Lasciai i miei contatti, ma onestamente non confidavo in un repentino contatto.
Tornato in Italia smisi di pensare a Divjak preso com’ero nel tentativo di salvare il mio dottorato in etnologia dal fallimento, ma una mattina mentre passeggiavo nei viali dell’Università, il mio telefono squillò. Il numero era estero, risposi, e rimasi senza parole, dall’altro lato del filo c’era Jovan Divjak che mi parlava in inglese con l’aiuto di una sua collaboratrice e mi ringraziava della visita e si diceva felice d’incontrarmi in un’altra occasione.
Pochi minuti, ma la voce di quest’uomo fiero e vero, mi rimasero nel cuore.

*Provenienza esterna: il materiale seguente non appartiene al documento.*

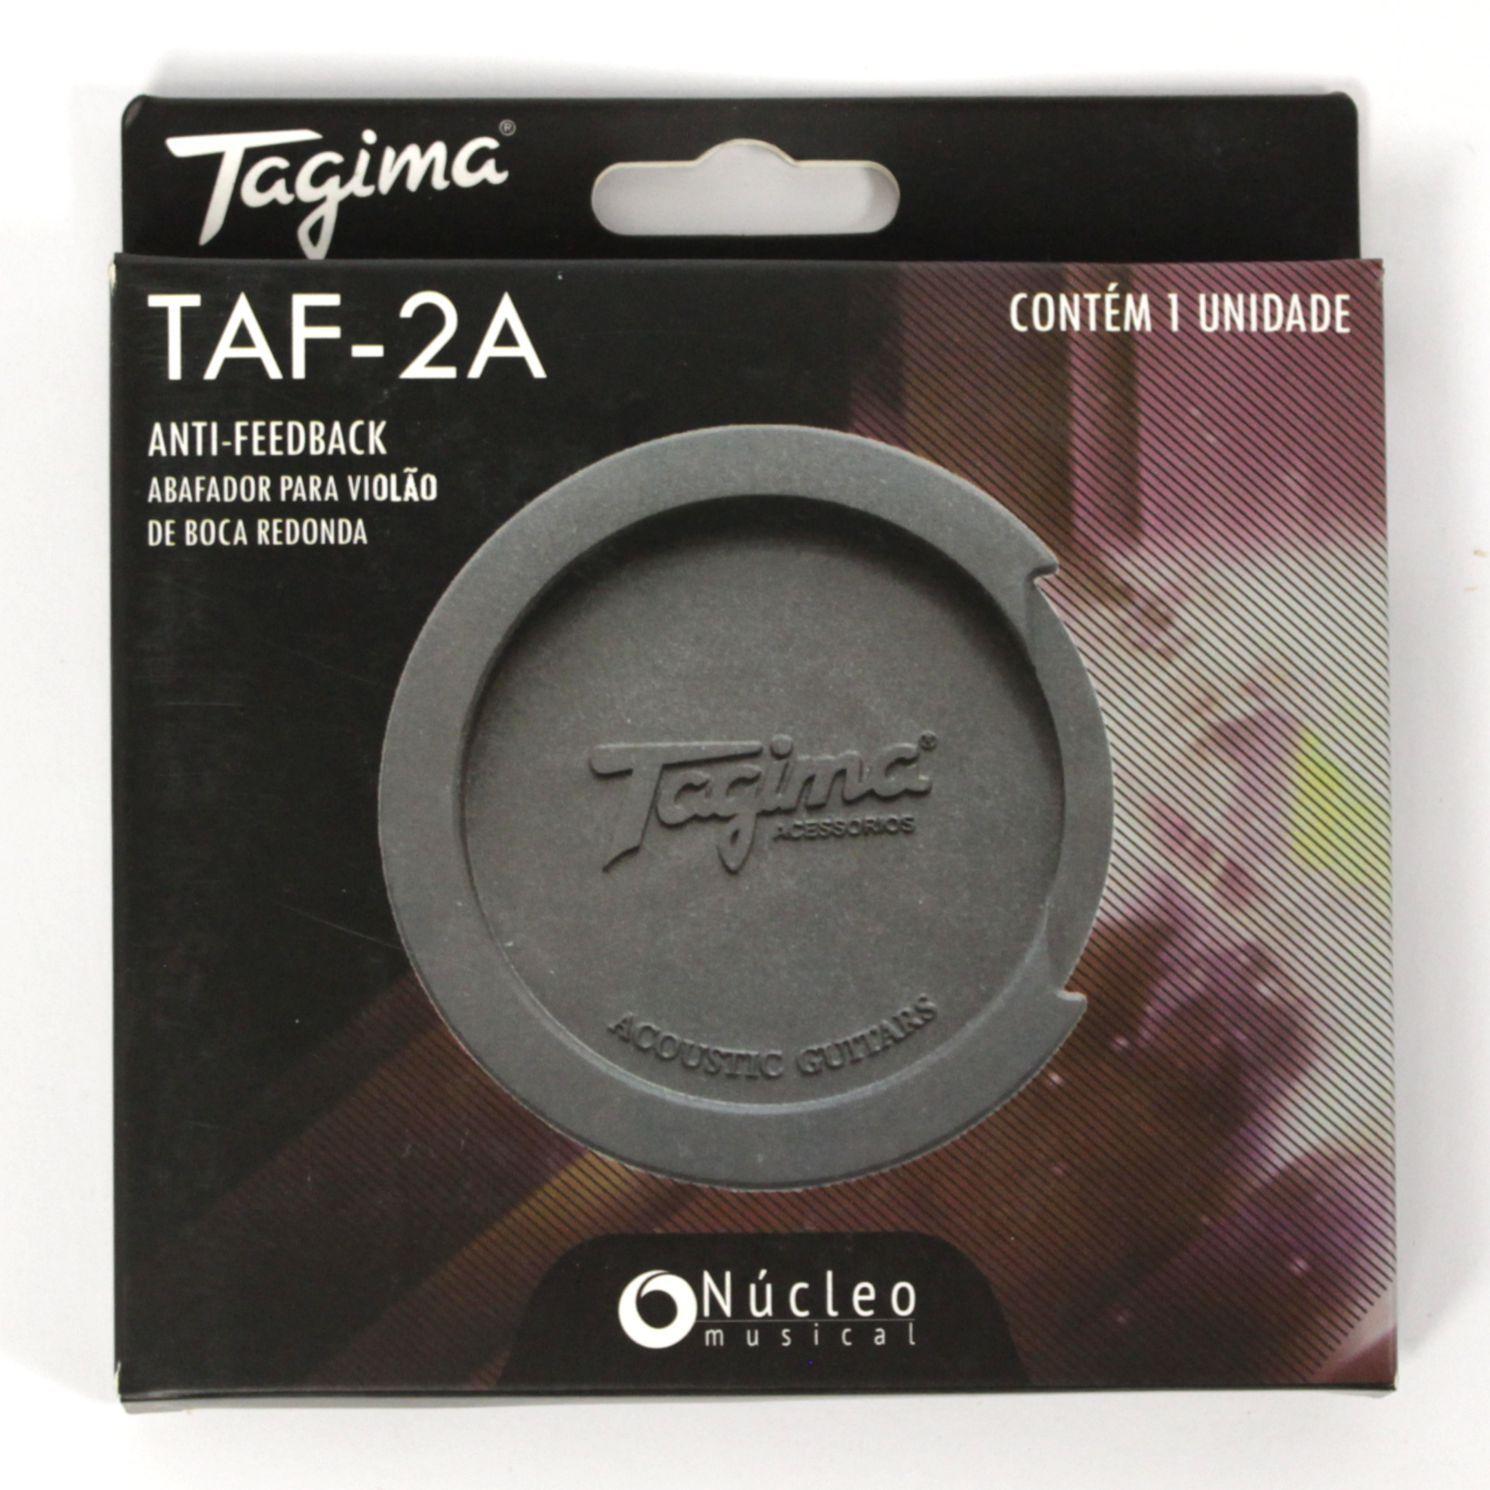 No Feedback Tagima em Borracha TAF-2A  ANTI-FEEDBACK para Violão FOLK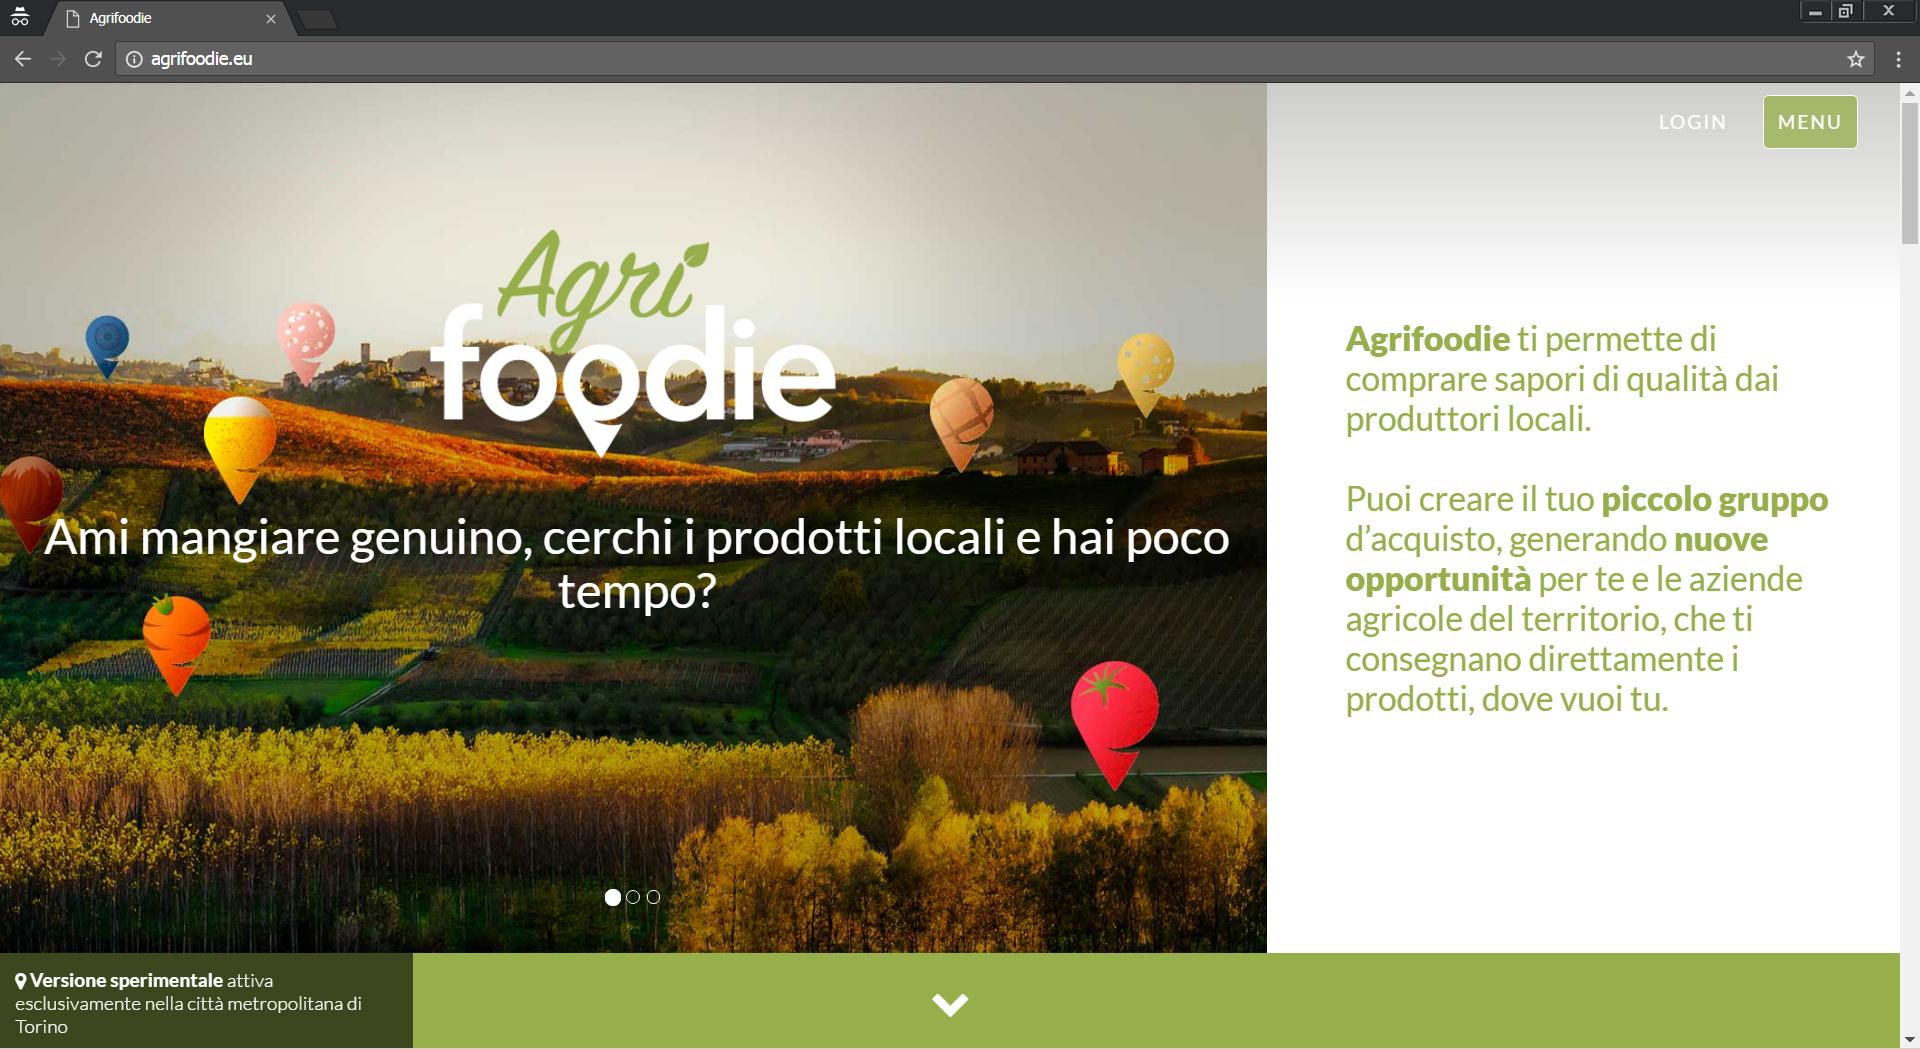 Home page del progetto e della piattaforma Agrifoodie.eu

L’occasione per incontarci non si palesò subito, per vari motivi fu impossibile per me raggiungere Sarajevo e nel frattempo Divjak venne arrestato a Vienna su mandato dei tribunali serbi, con l’accusa di crimini di Guerra. Come sempre accade nel dopo guerra chi è un eroe per una delle parti in causa è quasi sempre considerato un criminale dal “nemico”.
Poi qualche mese dopo iniziai a programmare il mio ritorno a Sarajevo, l’occasione il Festival Pravo Liujdski, e scrissi una nuova mail all’Associazione. Mi risposero in breve termine, Jovan Divjak aveva piacere d’incontrarmi, finalmente avevo un appuntamento.

13 novembre 2018

Per la seconda volta risalgo la collina di Grbavica, stavolta con un auto a noleggio. Entro nella sede dell’Associazione, Divjak è seduto alla sua scrivania, mi invita a sedermi e mi porge una copia in italiano del libro che racconta la sua storia “Sarajevo, mon amour” edito da Infinito edizioni.
Come quella volta al telefono, iniziano i problemi linguistici, lui parla solo serbo e francese io italiano e inglese, cosi’ abbiamo bisogno dell’intermediazione di una sua collaboratrice per intenderci.
Probabilmente si tratta della stessa ragazza che qualche anno prima fece da traduttrice in quella breve e soprendente telefonata che lo stesso Divjak mi fece.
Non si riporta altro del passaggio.